* Edward Gibbon (18th century historian) dismissed his testimony on the number of martyrs and impugned his honesty by referring to a passage in the abbreviated version of the Martyrs of Palestine attached to the Ecclesiastical History, book 8, chapter 2, in which Eusebius introduces his description of the martyrs of the Great Persecution under Diocletian with: "Wherefore we have decided to relate nothing concerning them except the things in which we can vindicate the Divine judgment. […] We shall introduce into this history in general only those events which may be useful first to ourselves and afterwards to posterity." In the longer text of the Martyrs of Palestine, chapter 12, Eusebius states: "I think it best to pass by all the other events which occurred in the meantime: such as […] the lust of power on the part of many, the disorderly and unlawful ordinations, and the schisms among the confessors themselves; also the novelties which were zealously devised against the remnants of the Church by the new and factious members, who added innovation after innovation and forced them in unsparingly among the calamities of the persecution, heaping misfortune upon misfortune. I judge it more suitable to shun and avoid the account of these things, as I said at the beginning.".

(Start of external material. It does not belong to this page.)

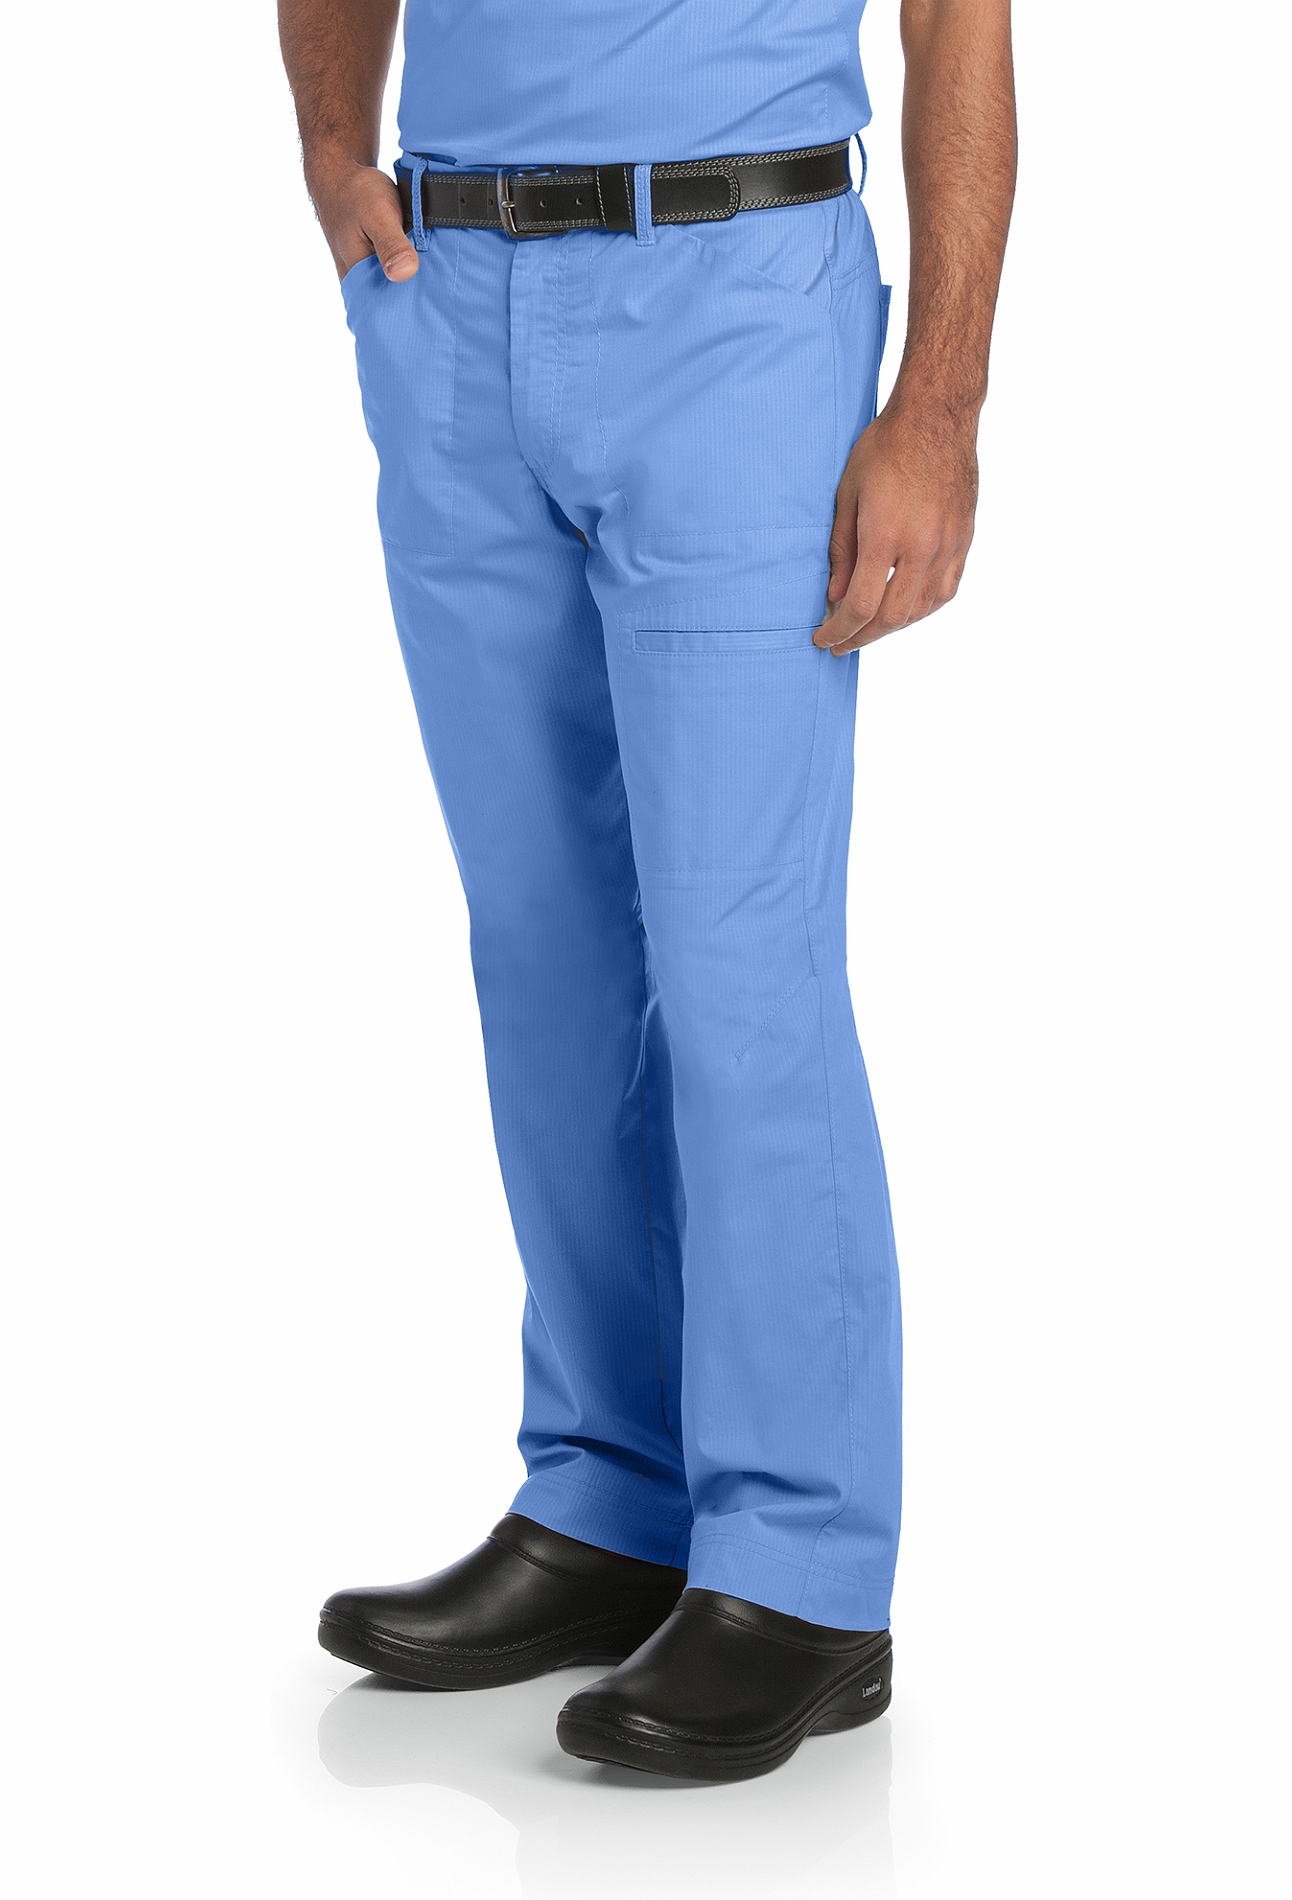 Landau Men's Ripstop Cargo Scrub Pants-2026 | Medical Scrubs Collection

* When his own honesty was challenged by his contemporaries, Gibbon appealed to the chapter heading -- not the text -- in Eusebius' Praeparatio evangelica (xii, 31), which says how fictions (pseudos) — which Gibbon rendered 'falsehoods' — may be a "medicine", which may be "lawful and fitting" to use.
* Jacob Burckhardt (19th century cultural historian) dismissed Eusebus as "the first thoroughly dishonest historian of antiquity".
* Other critics of Eusebius' work cite the panegyrical tone of the Vita, plus the omission of internal Christian conflicts in the Canones, as reasons to interpret his writing with caution.